Foreign Investment Outlook: While FII outflows have weighed on sentiment, HSBC argues that the reduced foreign positioning actually creates a more attractive entry point. With domestic flows remaining strong and policy tailwinds in place, India could become a beneficiary as global capital reallocates.
Earnings Growth Expectation and Valuations By HSBC
HSBC acknowledges that corporate earnings growth expectations have moderated. Estimates for FY25 have come down to around 12%, and may fall further to 8-9%, while FY26 projections are currently at 15%. However, HSBC believes these are supported by a low base effect, government stimulus and gradual recovery in demand.
The firm also argues that Indian equities will not de-rate to average emerging market valuation levels due to sustained domestic demand and policy support. Despite earlier concerns, valuations are now more palatable, particularly in the context of regional comparisons.

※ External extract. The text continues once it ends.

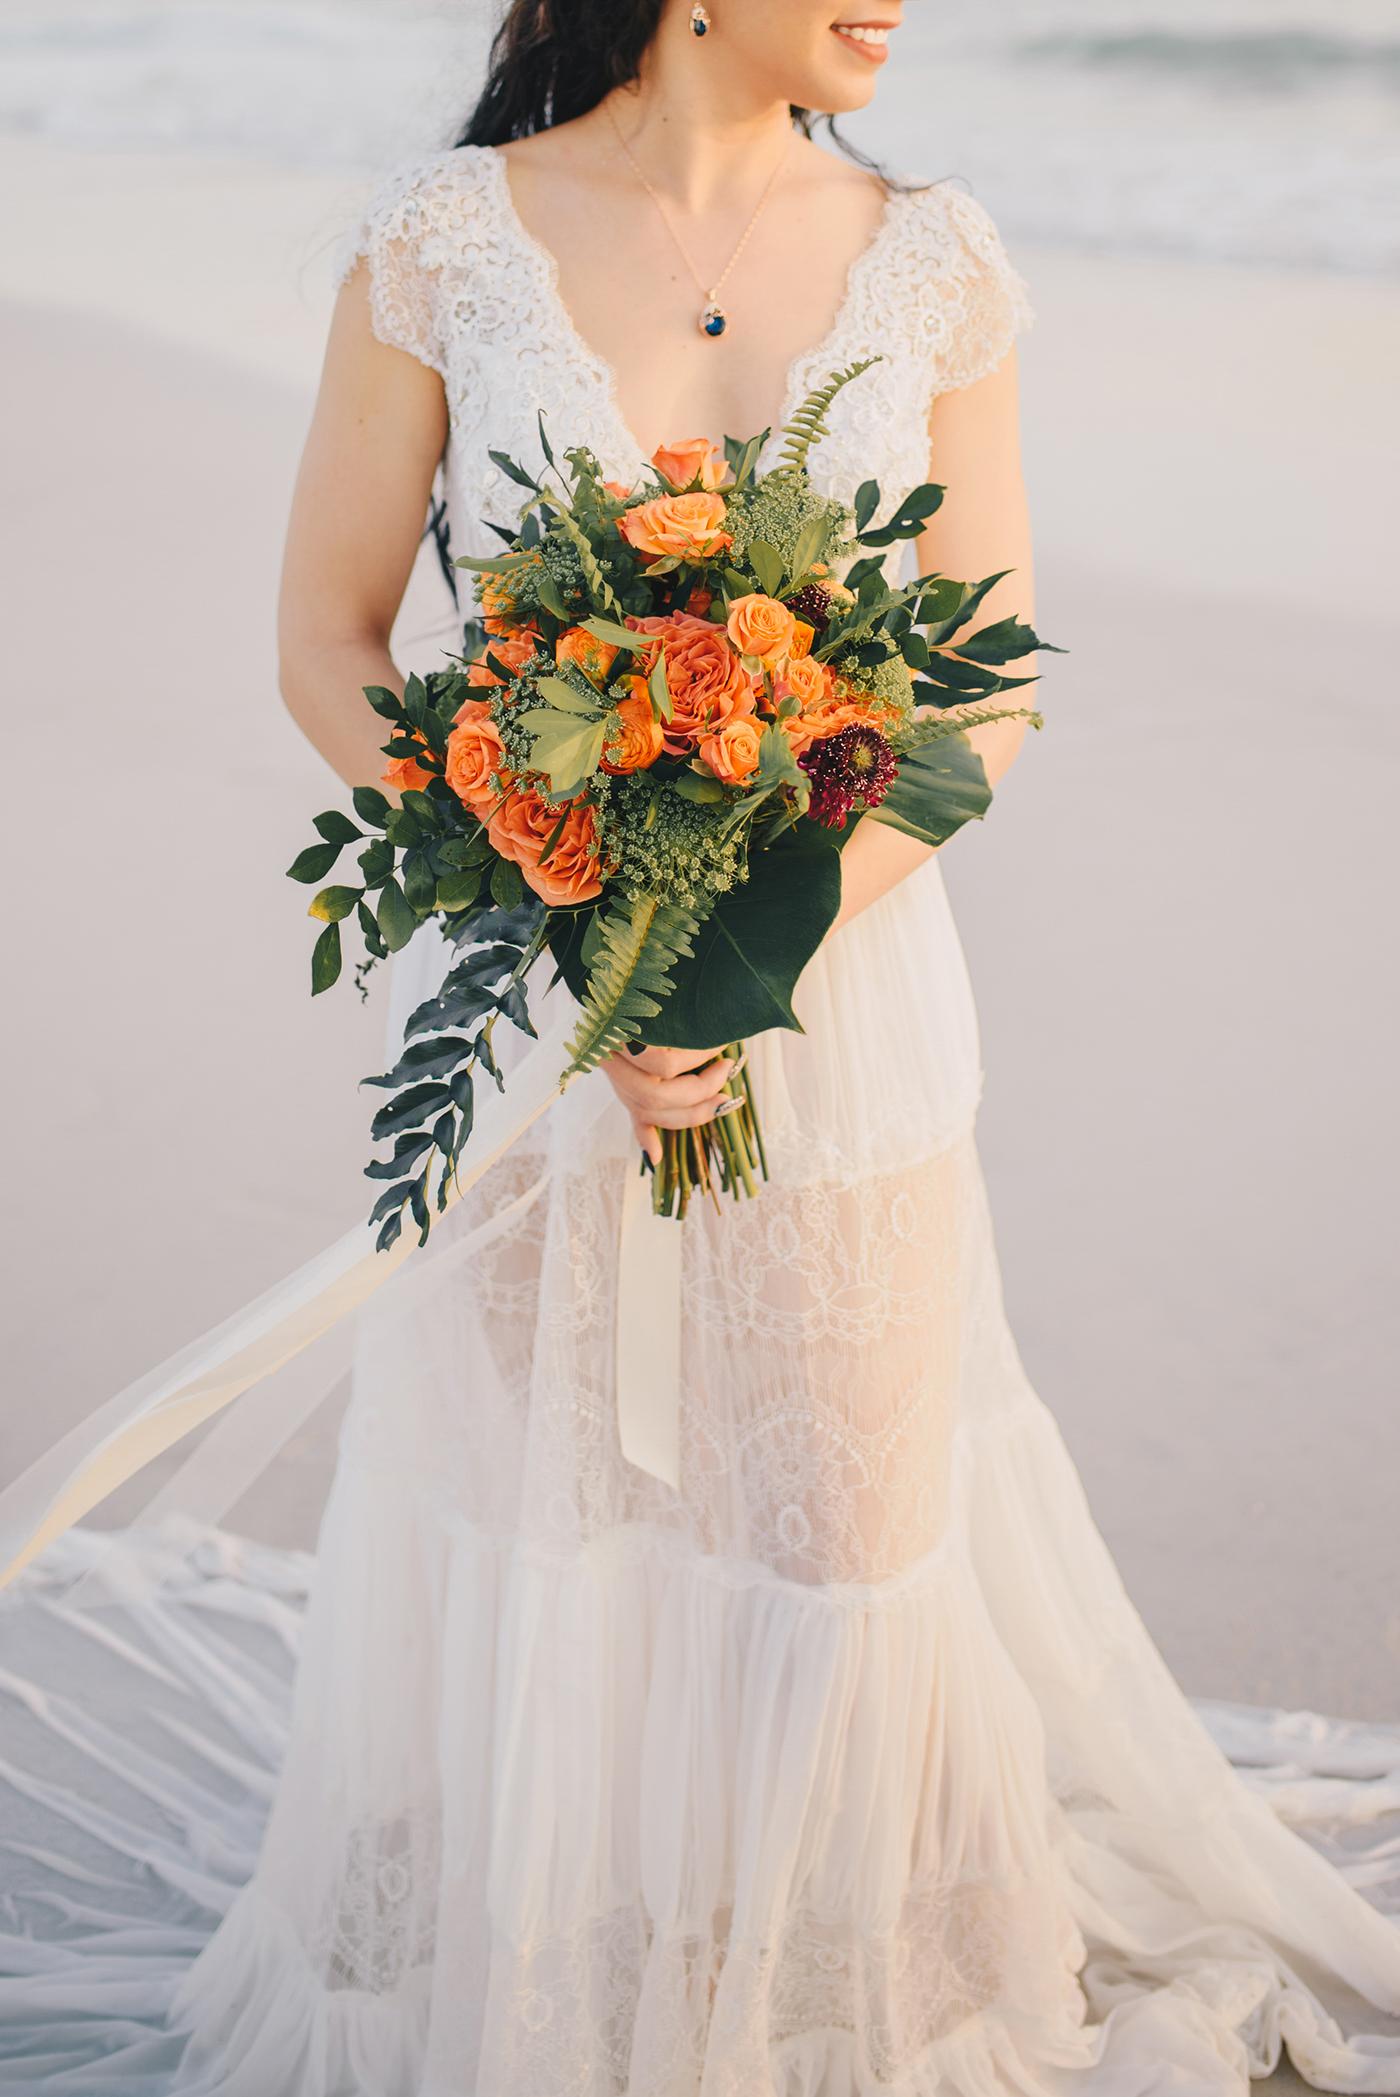 Los-Vargas-Photo-Moana-Wedding-Style-shoot-72.jpg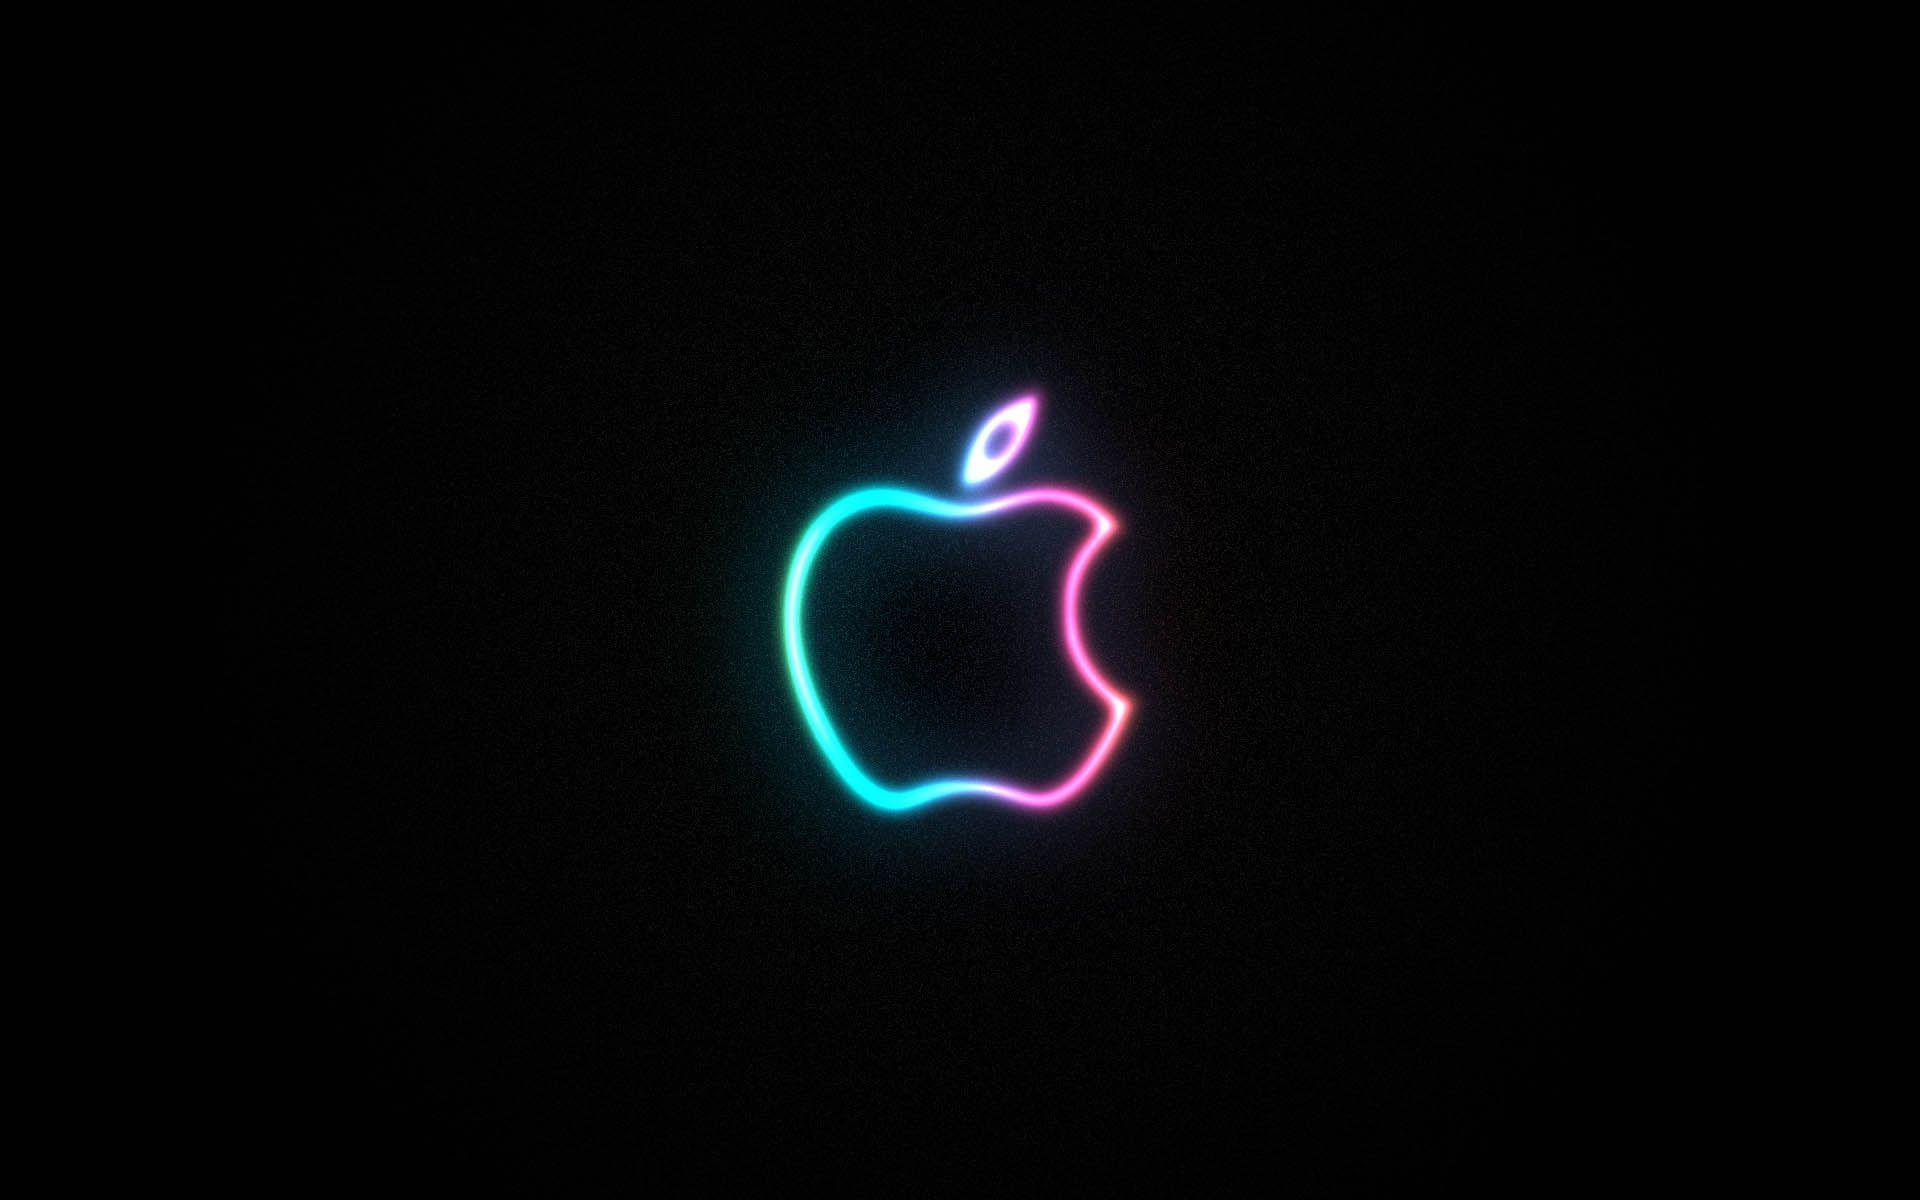 Unduh 4000 Wallpaper Apple Nba  Paling Baru

The Indian government's recent moves-including income tax cuts announced in February 2025 and reforms under GST 2.0-have further enhanced the investment case. These measures aim to revive consumption, ease compliance burdens, and attract more private investment. HSBC sees these initiatives as supportive of a medium-term growth recovery.
HSBC Downgraded Asian Markets
In contrast to India's upgraded status, HSBC has recently downgraded South Korea to 'underweight', despite its market rally. The firm noted that Korean and Taiwanese equities are crowded trades, with stretched valuations and limited additional upside potential. India, on the other hand, offers a less crowded, value-driven opportunity.
"In stark contrast to the crowded trades in Korea and Taiwan, India is Asia's quiet corner," noted HSBC.